Cameo Records was founded in 1956 in Philadelphia by Bernie Lowe and Kal Mann. Dave Appell
joined the label early as A&R director. Parkway, a subsidiary label, was formed in 1958. The early
address
of Cameo-Parkway was 1405 Locust Street in Philadelphia.
Both Cameo and Parkway existed during the latter days of 78-rpm singles, but the majority of 78s found
today with the Cameo label (far left, above) are from a New York company that predated the
Philadelphia
company by several decades, and to our knowledge, had no connection.
Philadelphia's Cameo Label:
The first few singles on Cameo were not particularly memorable. They featured Arlene DeMarco ("Old
Enough to Know"/"Don't Rush Me," Cameo 100), the Quakertown Singers (Cameo 101), Don Gardner
(Cameo 102), Billy Scott (Cameo 103), and the Tommy Ferguson Trio (Cameo 104).
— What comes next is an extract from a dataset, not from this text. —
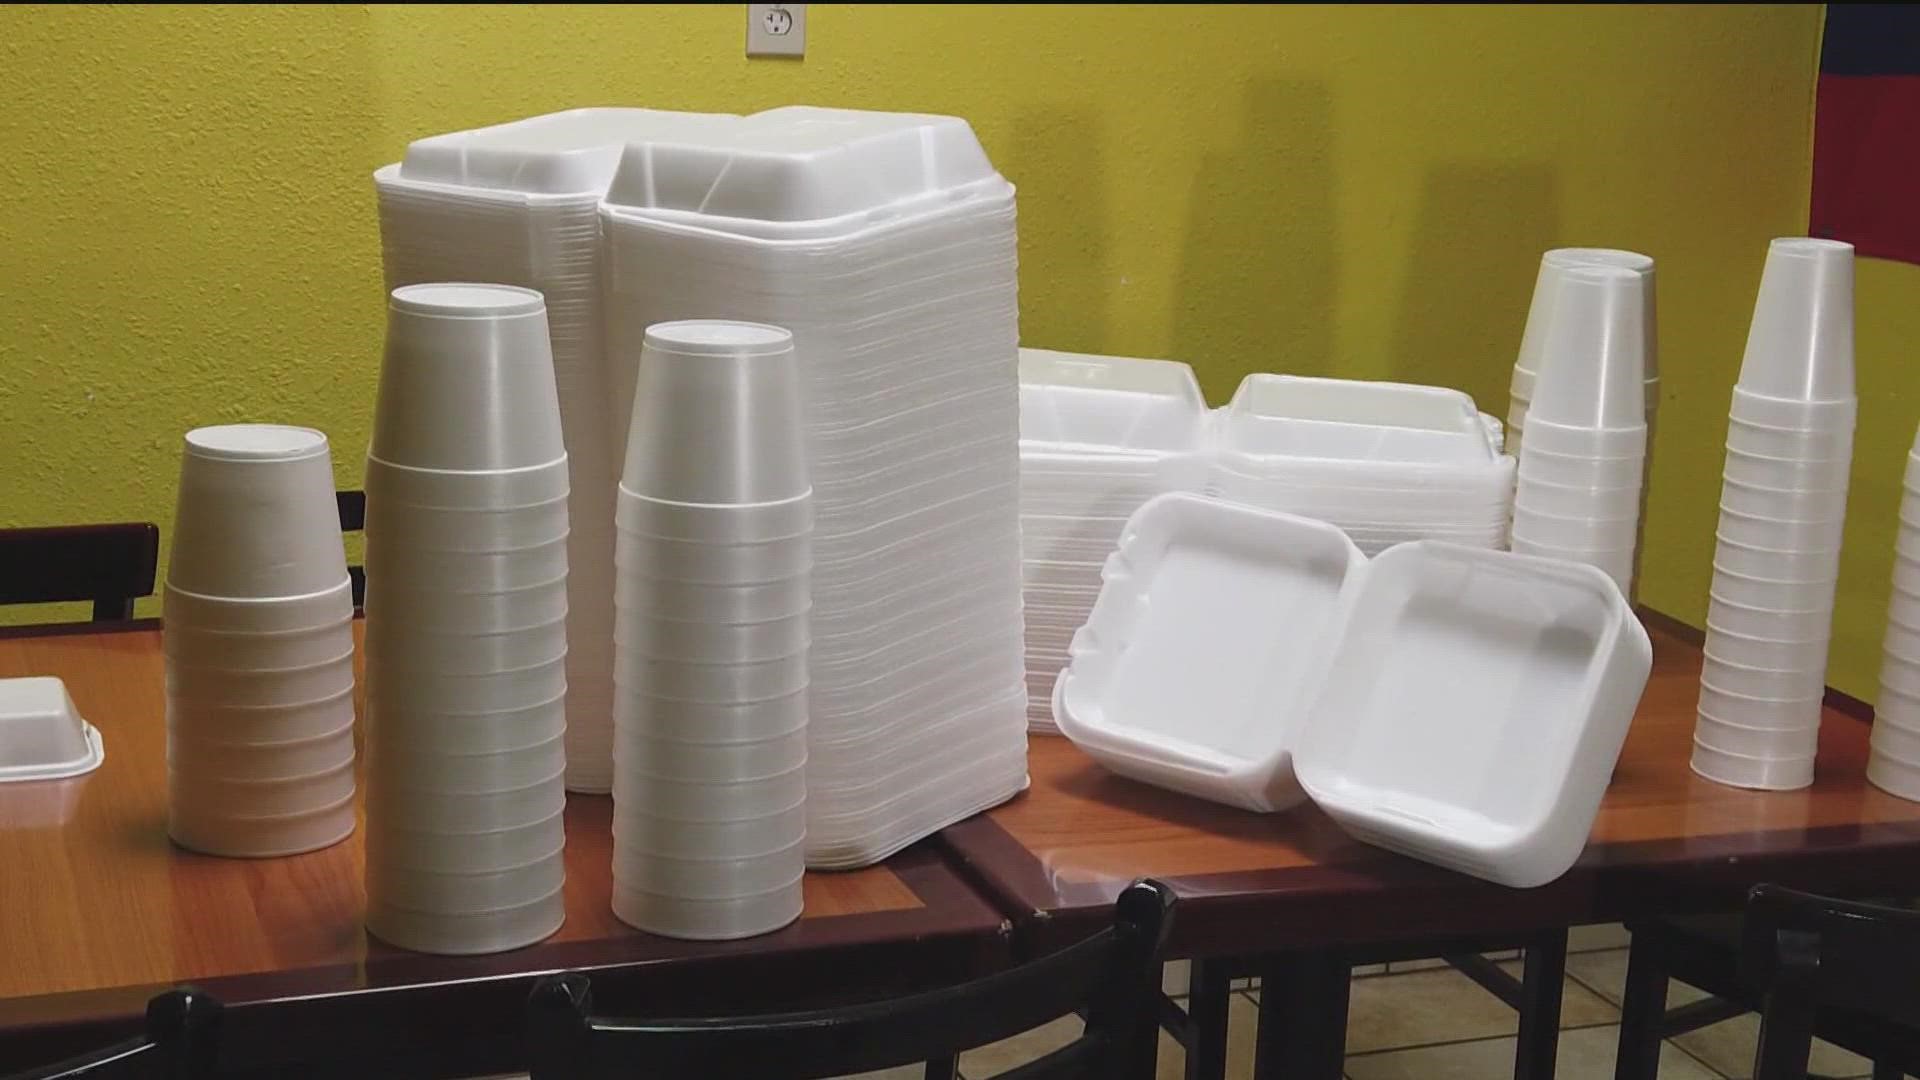 San Diegans may soon see new rules for single-use plastics, especially Styrofoam products such as to-go food containers and cups.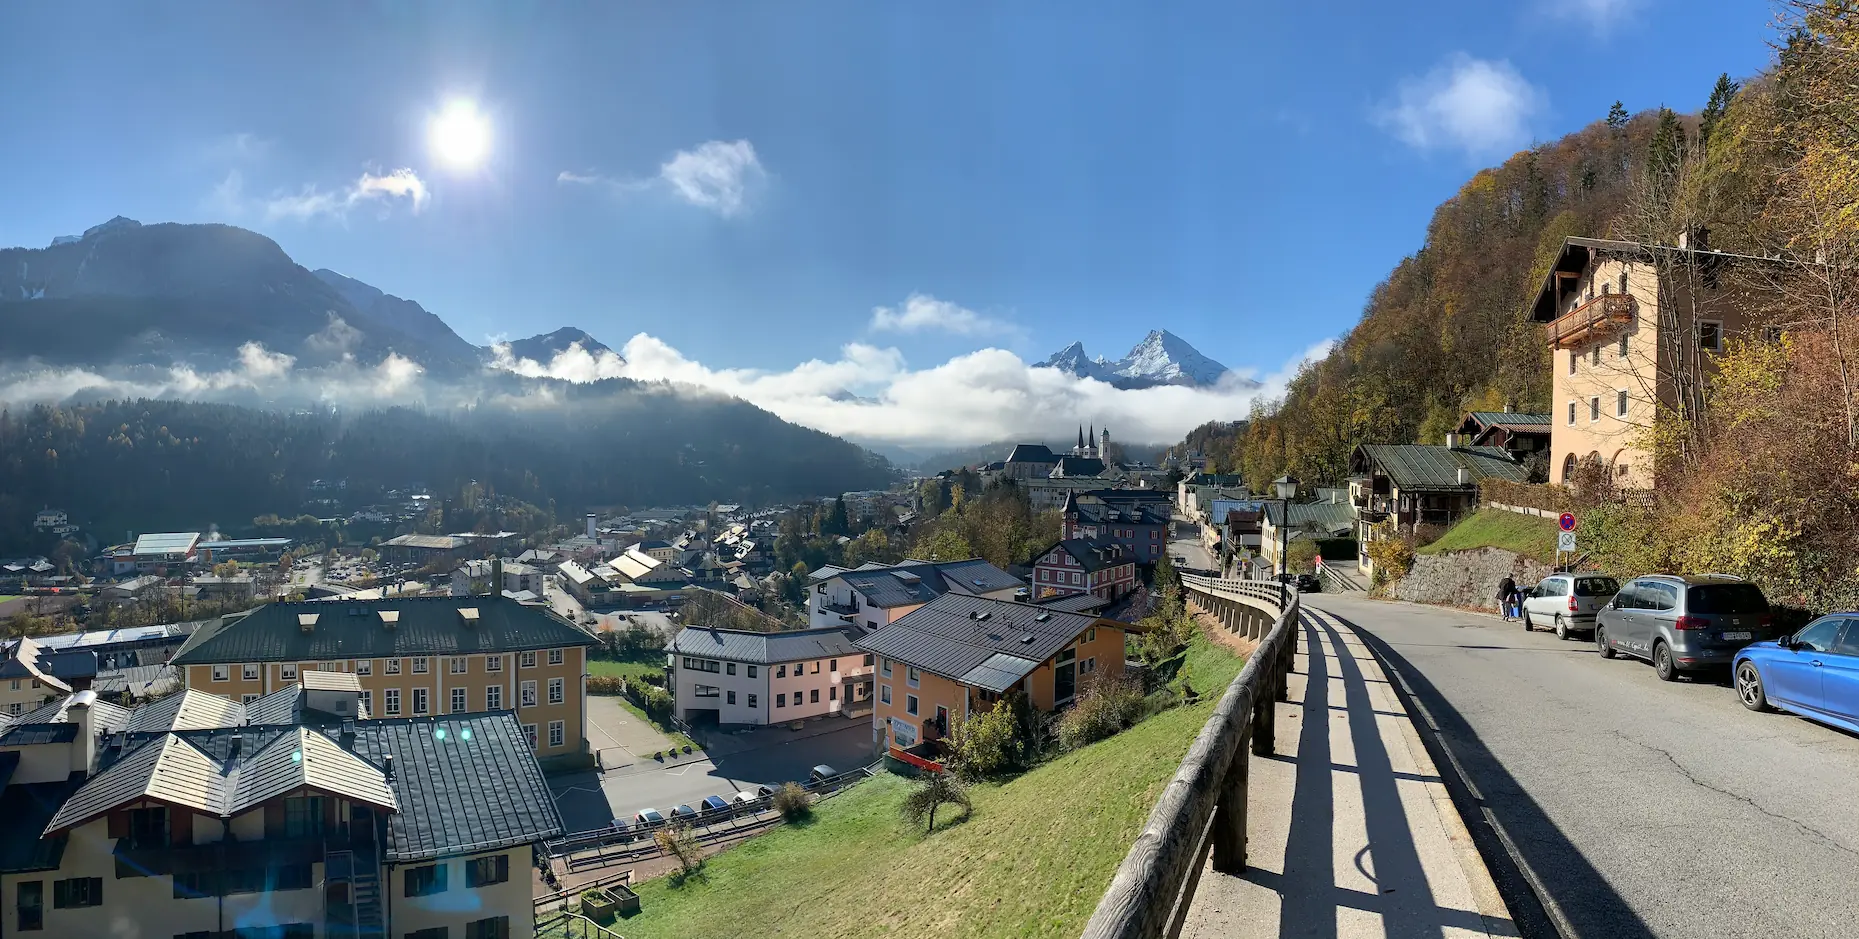 Panorama overlooking the town of Berchtesgaden, Germany. The Watzmann peak is visible in the background and covered in snow.

But Cameo 105,
"Butterfly" by Charlie Gracie, rocketed to #1 nationally in early 1957 and established Cameo as a hit
label.
Gracie had been a regular on Philadelphia's American Bandstand since 1952. His followup,
"Fabulous" [Cameo 107], also made top-20. This pointed Lowe, Mann, and Appell in the direction of
success: teen records. From that point, almost all the Cameo-Parkway singles were aimed at the teen
market.
Albums were a different story. The first Cameo album (LP-1000) was a jazzy piano album by "Dizzy
Dan."
The album jacket gives no information about who Dizzy Dan may have been, so it is probably a
pseudonym for someone who perhaps was under contract elsewhere (perhaps Bernie Leighton?). The
record packaging was interesting, as it had a jacket by famous jazz cover designer Burt Goldblatt (who
was responsible for over 3000 jazz album covers during the 1950s and 1960s), and it was pressed on
red
vinyl. The label credits "Dizzy Dan with rhythm accompaniment." It features a small combo with piano,
standup bass, drums, and tambourine, with a sound not unlike that of B. Bumble and the Stingers a few
years later. The second album (LP-1001) was by television star Dave Garroway.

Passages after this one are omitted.